Fardin Paolo, Barla Annalisa, Mosci Sofia, Rosasco Lorenzo, Verri Alessandro, Varesio Luigi
Laboratorio di Biologia Molecolare, Giannina Gaslini Institute, Largo G Gaslini 5, I-16147 Genova, Italy.
BMC Genomics. 2009 Oct 15;10:474. doi: 10.1186/1471-2164-10-474.
Gene expression signatures are clusters of genes discriminating different statuses of the cells and their definition is critical for understanding the molecular bases of diseases. The identification of a gene signature is complicated by the high dimensional nature of the data and by the genetic heterogeneity of the responding cells. The l1-l2 regularization is an embedded feature selection technique that fulfills all the desirable properties of a variable selection algorithm and has the potential to generate a specific signature even in biologically complex settings. We studied the application of this algorithm to detect the signature characterizing the transcriptional response of neuroblastoma tumor cell lines to hypoxia, a condition of low oxygen tension that occurs in the tumor microenvironment.
We determined the gene expression profile of 9 neuroblastoma cell lines cultured under normoxic and hypoxic conditions. We studied a heterogeneous set of neuroblastoma cell lines to mimic the in vivo situation and to test the robustness and validity of the l1-l2 regularization with double optimization. Analysis by hierarchical, spectral, and k-means clustering or supervised approach based on t-test analysis divided the cell lines on the bases of genetic differences. However, the disturbance of this strong transcriptional response completely masked the detection of the more subtle response to hypoxia. Different results were obtained when we applied the l1-l2 regularization framework. The algorithm distinguished the normoxic and hypoxic statuses defining signatures comprising 3 to 38 probesets, with a leave-one-out error of 17%. A consensus hypoxia signature was established setting the frequency score at 50% and the correlation parameter epsilon equal to 100. This signature is composed by 11 probesets representing 8 well characterized genes known to be modulated by hypoxia.
We demonstrate that l1-l2 regularization outperforms more conventional approaches allowing the identification and definition of a gene expression signature under complex experimental conditions. The l1-l2 regularization and the cross validation generates an unbiased and objective output with a low classification error. We feel that the application of this algorithm to tumor biology will be instrumental to analyze gene expression signatures hidden in the transcriptome that, like hypoxia, may be major determinant of the course of the disease.

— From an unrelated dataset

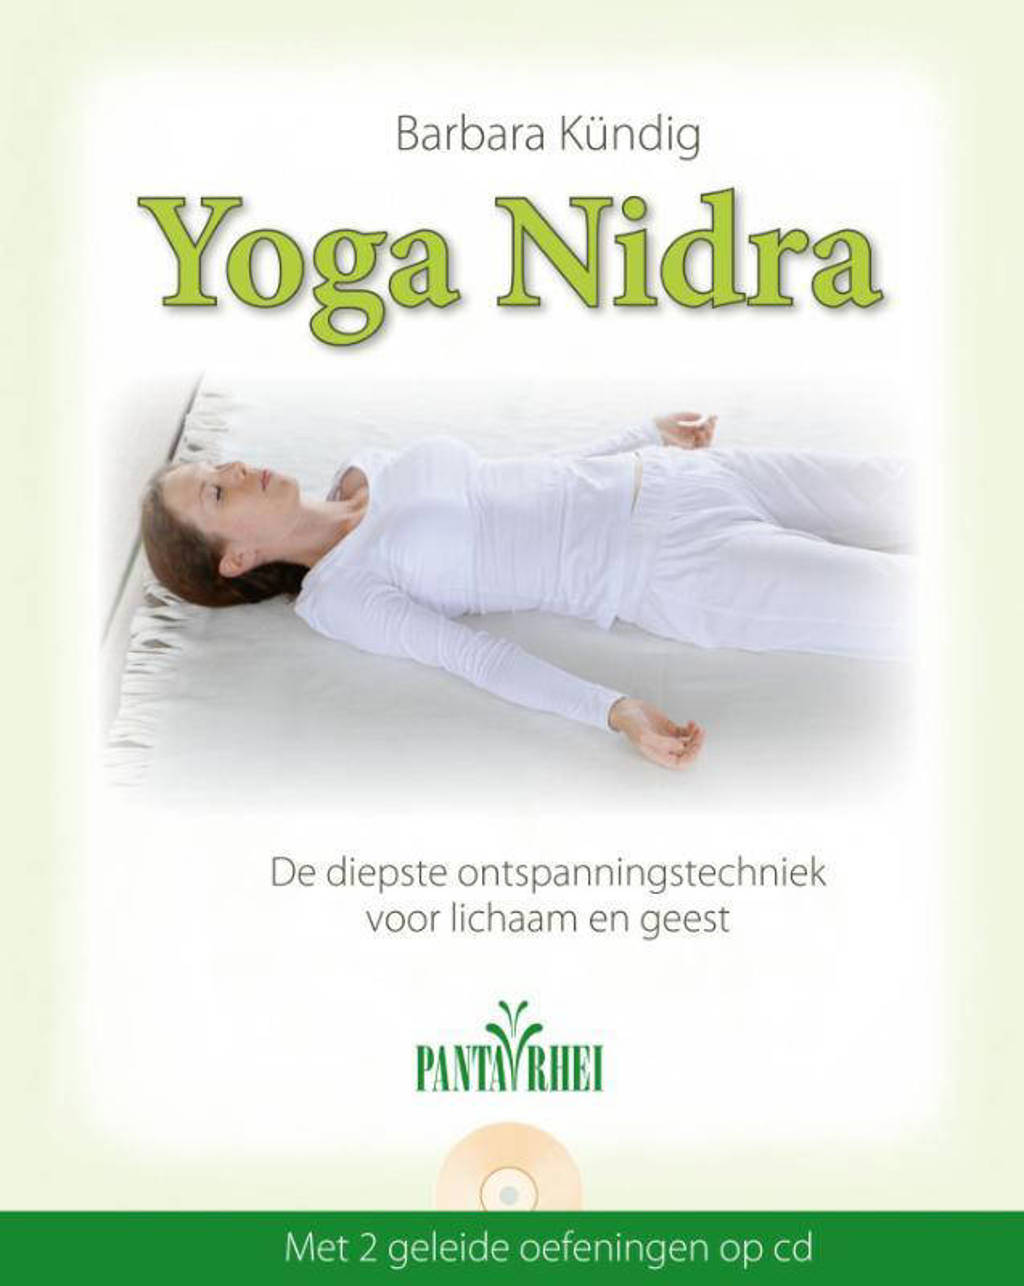 Yoga Nidra - Barbara Kundig

基因表达特征是区分细胞不同状态的基因簇,其定义对于理解疾病的分子基础至关重要。基因特征的识别因数据的高维性质和反应细胞的遗传异质性而变得复杂。L1-L2正则化是一种嵌入式特征选择技术,它满足变量选择算法的所有理想属性,甚至在生物学复杂的环境中也有可能生成特定的特征。我们研究了该算法在检测表征神经母细胞瘤肿瘤细胞系对缺氧(肿瘤微环境中发生的低氧张力状态)转录反应的特征方面的应用。

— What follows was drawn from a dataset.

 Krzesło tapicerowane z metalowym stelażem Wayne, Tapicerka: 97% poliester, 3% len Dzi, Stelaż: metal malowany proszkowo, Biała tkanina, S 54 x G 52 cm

我们确定了在常氧和缺氧条件下培养的9种神经母细胞瘤细胞系的基因表达谱。我们研究了一组异质性的神经母细胞瘤细胞系,以模拟体内情况并测试具有双重优化的L1-L2正则化的稳健性和有效性。通过层次聚类、光谱聚类和k均值聚类或基于t检验分析的监督方法进行分析,根据遗传差异对细胞系进行了划分。然而,这种强烈转录反应的干扰完全掩盖了对缺氧更细微反应的检测。当我们应用L1-L2正则化框架时,获得了不同的结果。该算法区分了常氧和缺氧状态,定义了包含3至38个探针集的特征,留一法误差为17%。通过将频率分数设定为50%且相关参数ε等于100,建立了一个共识缺氧特征。该特征由11个探针集组成,代表8个已知受缺氧调节的特征明确的基因。
我们证明L1-L2正则化优于更传统的方法,能够在复杂的实验条件下识别和定义基因表达特征。L1-L2正则化和交叉验证产生了一个无偏且客观的输出,分类误差较低。我们认为该算法在肿瘤生物学中的应用将有助于分析隐藏在转录组中的基因表达特征,这些特征(如缺氧)可能是疾病进程的主要决定因素。